Marinero de Pesca
Salió
de pesca como cualquier día a la atardecida, era su trabajo, era el pan de cada
día.
La
noche iluminaba las aguas por el reflejo que recibían
y se quedó mirando los dibujos que en el
agua hacía la luna llena.
Llevaba años saliendo a la mar y no lo
observaba nunca,
excepto, para contemplar si había bandadas de
peces
bajo la barca, o en
las cercanías dónde echar las redes.
Años tras años, y más, y otro día. Se quedó
pensando…
Cuando
fue su primera vez…era un mozuelo apenas;
se lo llevó su abuelo y más tarde lo hizo su
padre.
Tiempo después se llevó a su hijo a faenar
las aguas, frías,
profundas. El
muchacho llevaba miedo, él lo observaba
pero se hizo fuerte, la situación mandaba;
suya sería la barca
pasando unos años,
cruel trabajo, cruel la vida.
Le
nacerían nietos que, si ésta aguantaba la heredarían
de lo contrario, tal
vez comprarían otra endeudándose,
ganaban apenas para la subsistencia diaria.
No le
gustaba lo que estaba pensando, no era vida para su nieto.
Para
su Miguelillo quería otra cosa. No la mar esclava, la mar bravía.

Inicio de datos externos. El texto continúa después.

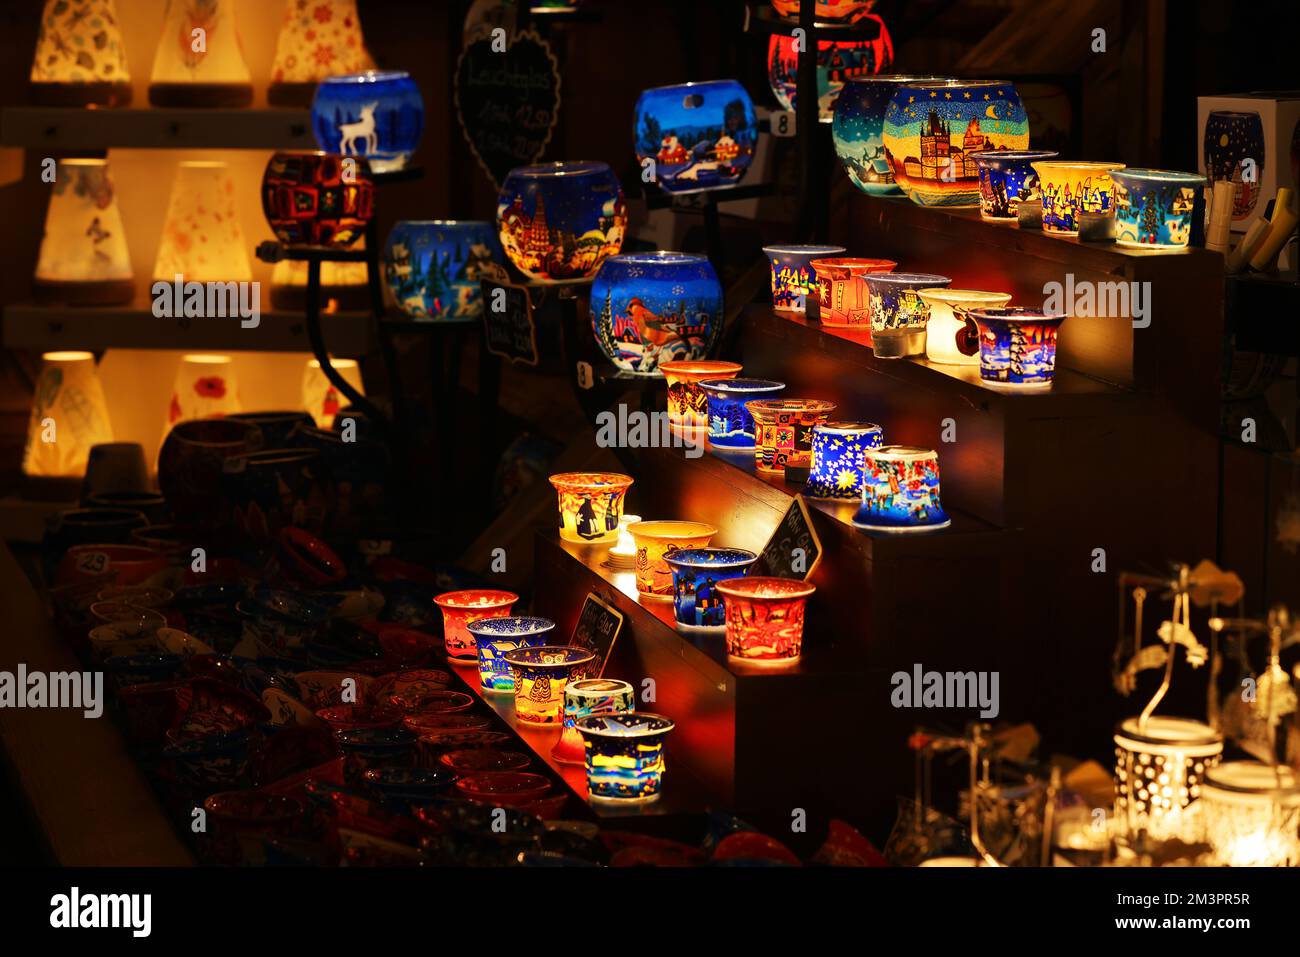 Teelichter, Glas, Nürnberg, Nürnberger Weihnachtsmarkt, Nürnberger Christkindlesmarkt, mit Engeln, Anhänger, Kugeln, Glühwein und vielen Grillsachen! Stock Photo

Catorce veces había sobrevivido cuando se veía
ya muerto
en las aguas temibles, oscuras, profundas, . No
eran malas, no.
Ellas
a lo suyo, eran los hombres quienes las invadían
con decisión y sin discernir si bueno era o
malo,
solo sabían de ganarse la vida, no pensaban,
surcaban el mar
cual los labradores
hacían con la tierra, siempre buscando el jornal.
Mariano ese día, estaba tan distraído…de un
banco de sardinas no se apercibió
y lo dejó pasar a pesar del aviso de Antonio que se lo advirtió por telefonía.
Lo veía raro, lo
creyó enfermo y ya, preocupado de él, no buscaba distancia
sino cercanía, su amigo, había de protegerlo,
los pescadores así lo hacían.
Mariano, pasmado en la borda miraba el agua,
ni se movía.
Se había metido tan dentro de él que no había
barca, ni peces, ni agua,
solo la luna que
relucía. Miró a lo alto. La primera vez que la contemplaba
después de tantos años;
le parecía que había salido esa noche por vez primera
y, extasiado, permanecía
quieto, casi soñando que la veía mientras la miraba, muy fijo.
Bajó la mirada al agua al rato, largo, muy
largo. Qué bellos destellos había en ella.
Esa noche al regresar no volvería con peces,
eso lo había hecho muchas veces.
Esa noche le pescaría un fulgor de esos tan
deslumbrantes a su mujer querida.
Tantos años juntos y nunca le había llevado
nada especial, tan buena, tan dulce…
Se
tiró al agua en su delirio. Capturó el resplandor más bello. A ella jamás le
llegó.
No hallaron su cuerpo. Todos lloraban. Miguelillo, nunca surcó las aguas.